New Devices Set To Revolutionize How Doctors Diagnose Cataracts And Glaucoma

New Devices Set To Revolutionize How Doctors Diagnose Cataracts And Glaucoma

Techies are working on devices to help diagnose and cure some of the world's most serious eye diseases. Since the global population is steadily aging, ophthalmologists need all the help they can get to address eye issues.

Ophthalmologists are especially concerned about the rapid rise of cataracts. As of today, cataracts are the leading cause of blindness around the world. Recent estimates suggest 42 percent of the world's population has this disease.

In order to address this problem, Google has joined forces with scientists at one of the most respected eye hospitals in the world: London's Moorfields Eye Hospital. British ophthalmologists are working closely with tech experts from Google's DeepMind AI sector to develop a sophisticated cataract diagnostic tool.

Both Google and Moorfields researchers are trying to build a neural network that can detect early signs of cataracts. This neural network will use a databank of over one million optical coherence tomography (OCT) eye scans while scanning a person's eyes. Many scientists believe this neural network will help doctors efficiently scan people for cataracts in less time than ever before.

The main reason doctors are so excited about this AI network has to do with the use of OCT scans. OCT is a relatively new form of scanning the eyeball, but it's extremely powerful.

Julie Schallhorn, an ophthalmology professor at UC San Francisco, said OCT scans can give "near-cell resolution of the cornea, retina, and optic nerve." Just to put this into perspective, the optic nerve is a mere 200 microns thick. Despite it's small size, the OCT scan can pick up all the cells on the optic nerve.

Another issue researchers are working on for cataract patients concerns accommodation. In the eye care field, "accommodation" refers to the automatic contraction of the eye's lens that help us shift focus from up-close to far away. As people age, the lens tends to get rigid and is often accompanied with cataracts.

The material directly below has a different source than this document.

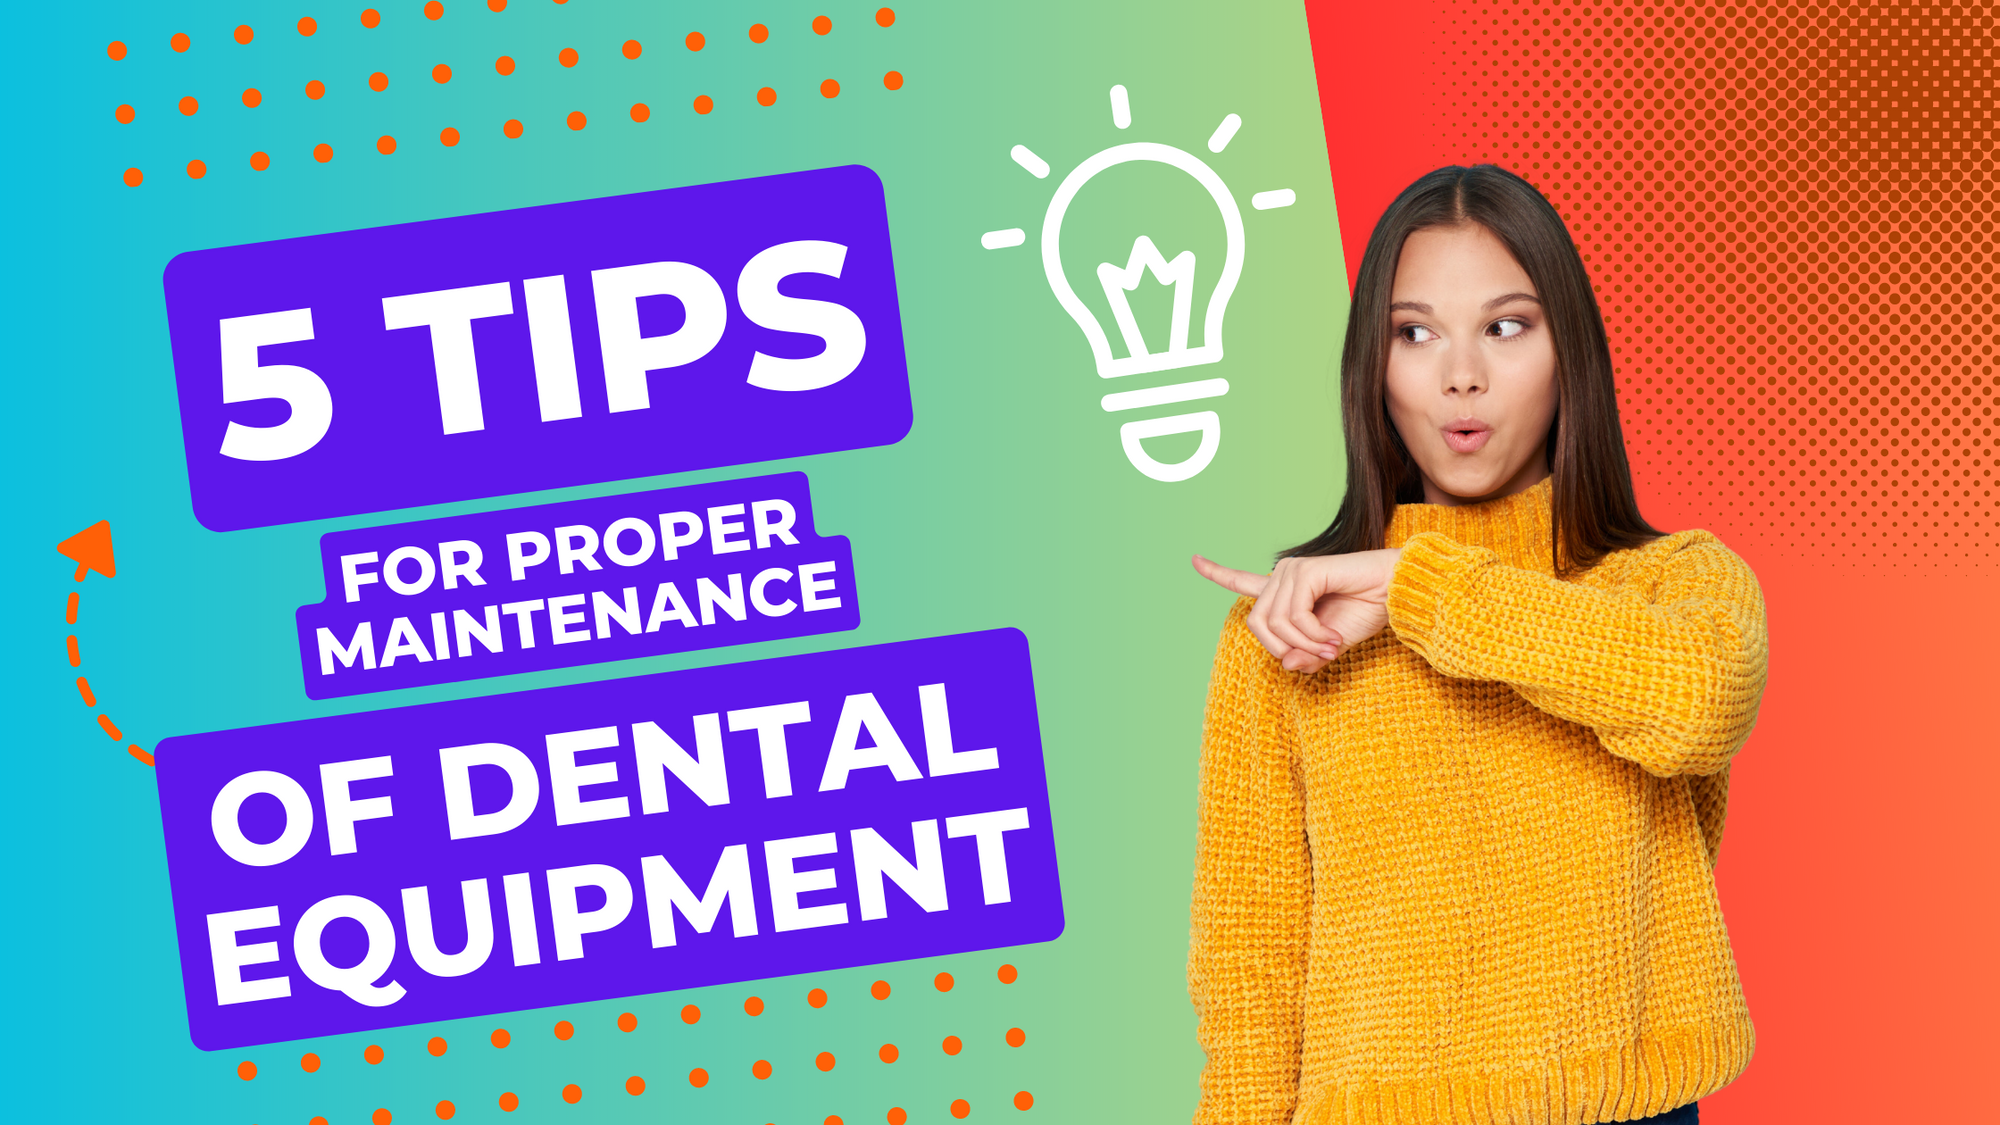 5 Tips for Proper Maintenance of Dental Equipment
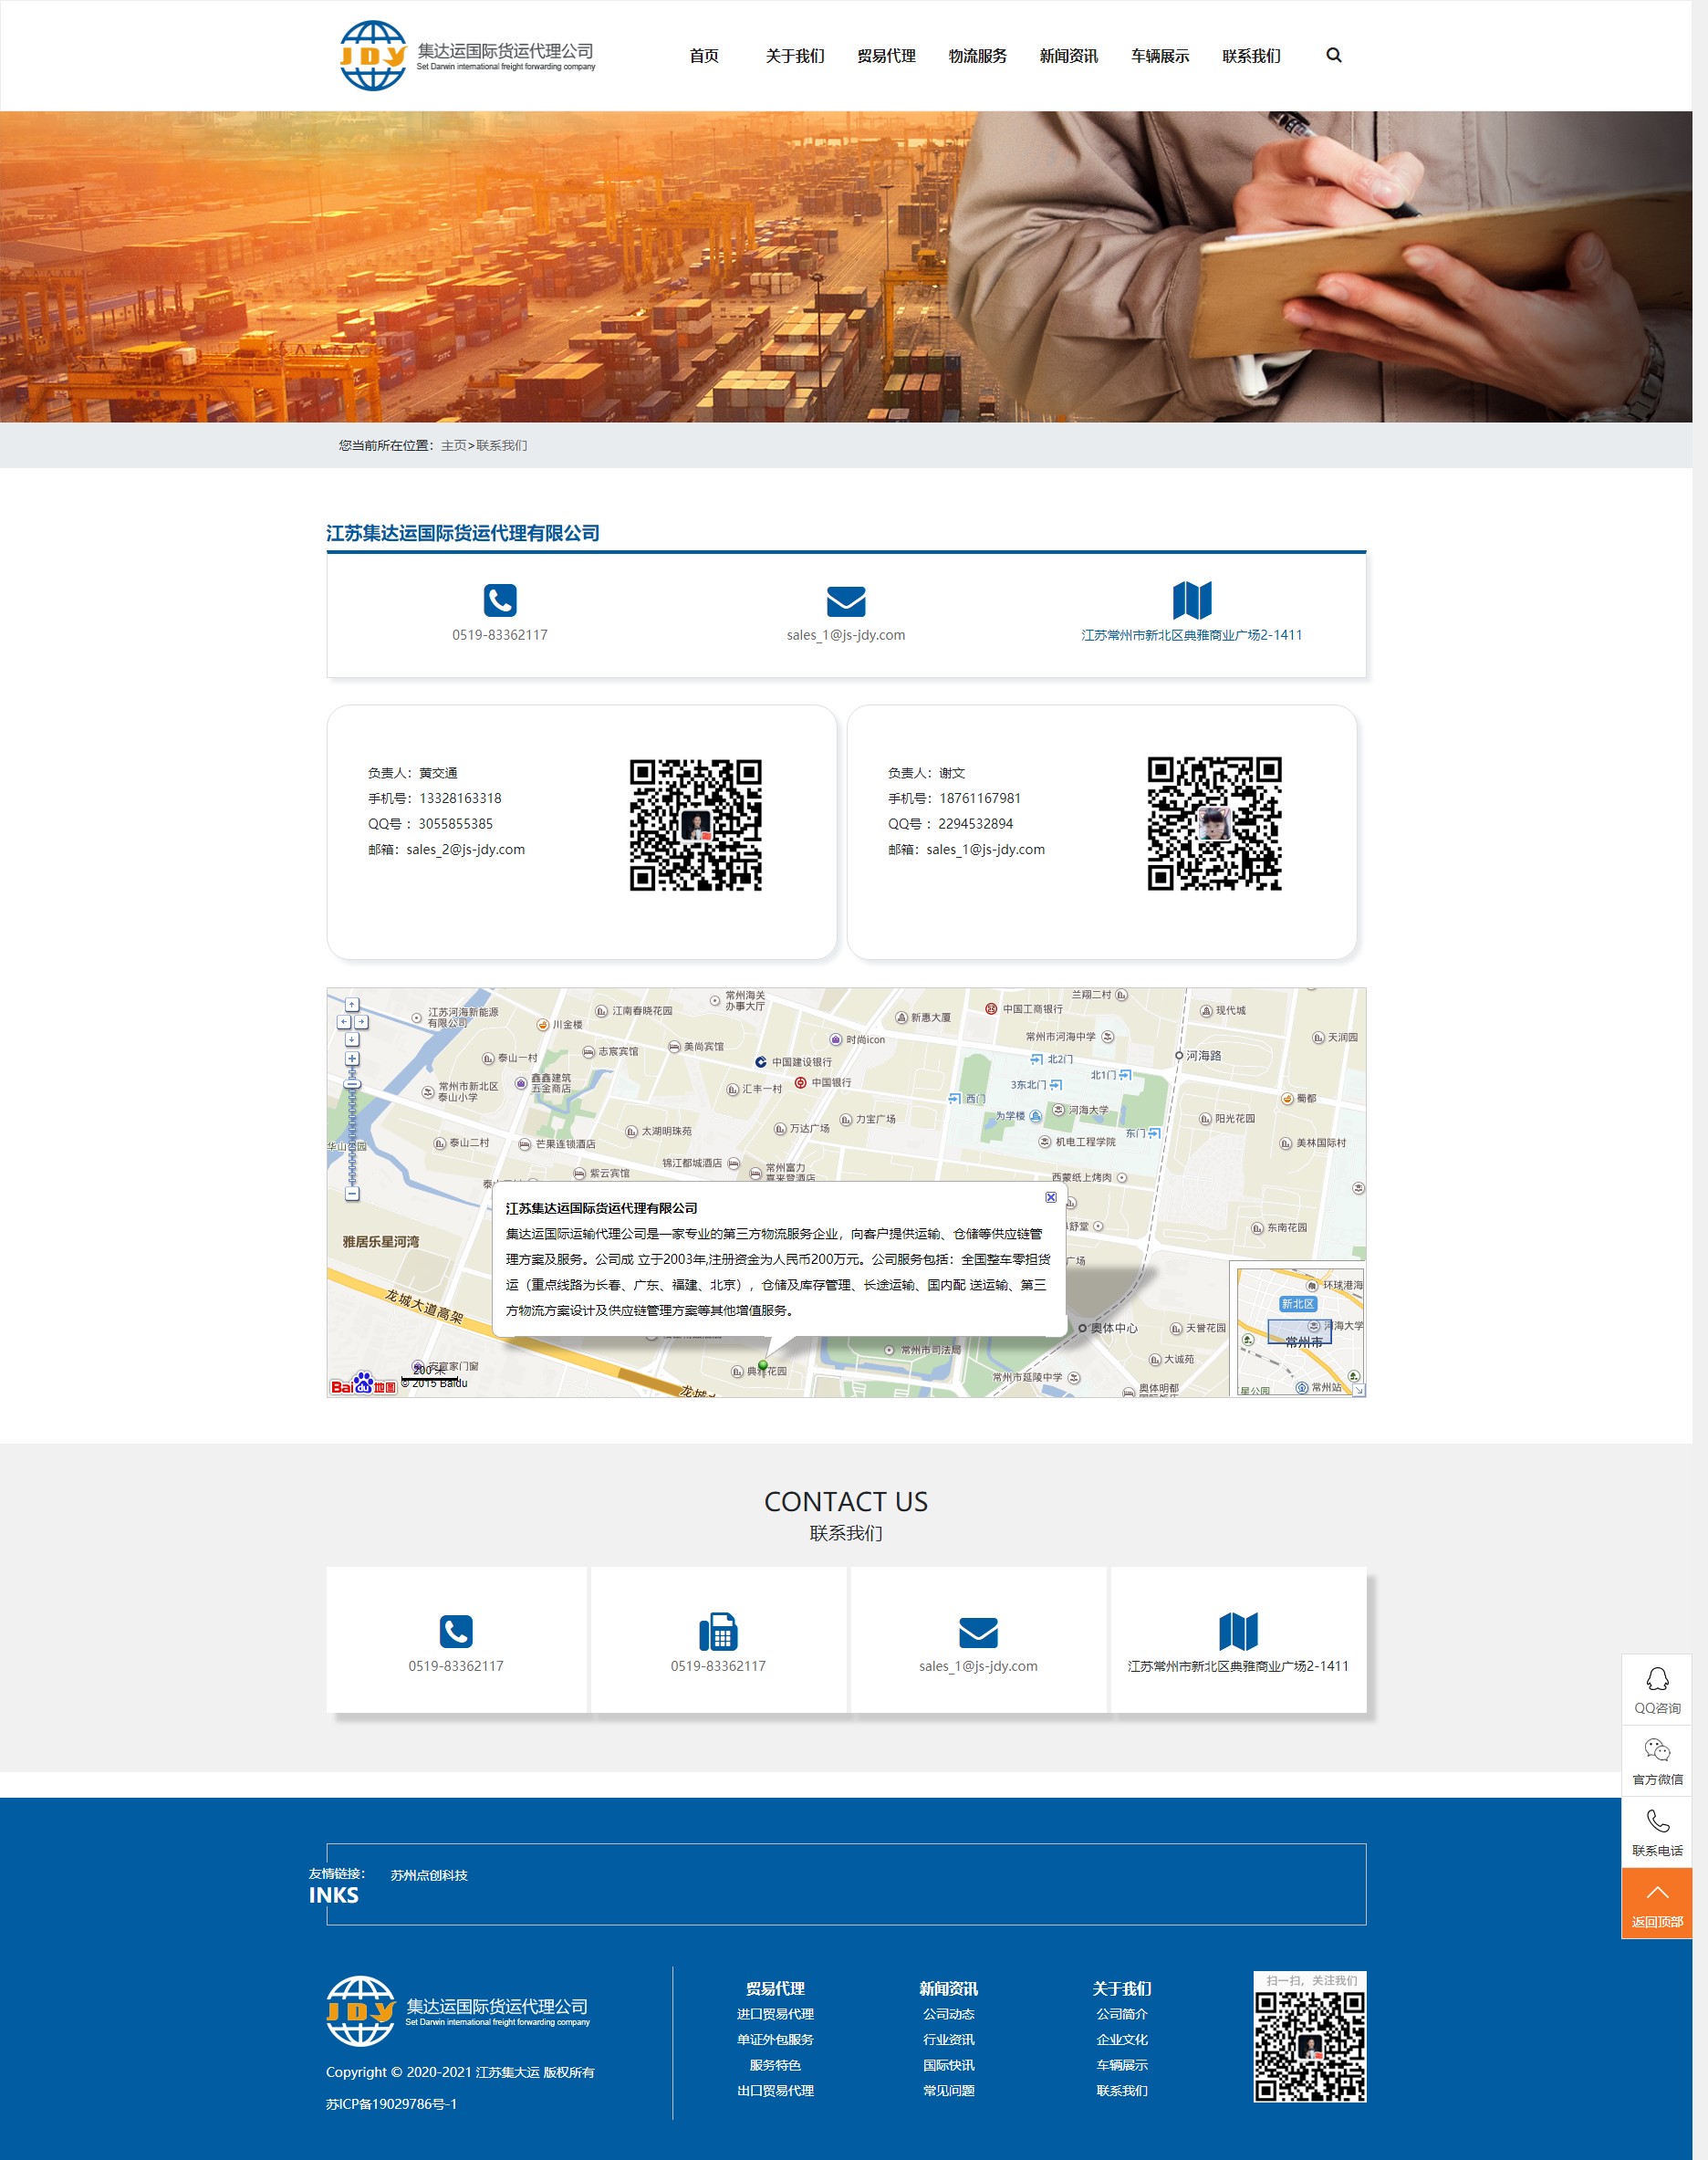 苏州网站建设公点创科技司为集大运设计的联系我们页面

Current lens replacements aren't especially good at giving cataract patients accommodation. The main options patients have are either multifocal lenses or accommodating lenses.

One way surgeons are using technology to help choose the perfect lens is by using optiwave refractive analysis (ORA). Surgeons like using the ORA system because it gives more accurate measurements of the cornea than traditional pre-surgical measurement devices. ORA uses wavefront measurement to give a better reading of the patient's cornea size after the surgeon has removed the cataract.

Another eye disease ophthalmologists are concerned about is glaucoma. Estimates show that around 70 million people are diagnosed with this disease every year.

One of the major problems with glaucoma is that it presents no symptoms until it's too late for doctors to operate. The only way people can tell whether or not they have glaucoma is to get regular eye exams. Unfortunately, people in rural areas have a difficult time accessing certified ophthalmologists.

In order to address this problem, Cambridge Consultants developed a smartphone eye scan they call Viewi. Anyone can download Viewi onto their smartphone and take a quick glaucoma eye scan. The entire eye test takes 10 minutes and costs only $25.

Although eye problems are set to increase around the world, many new eye care technologies are emerging to meet the global need. In the meantime, ophthalmologists still recommend everyone get an annual eye exam to check for serious diseases like glaucoma, cataracts, and age-related macular degeneration.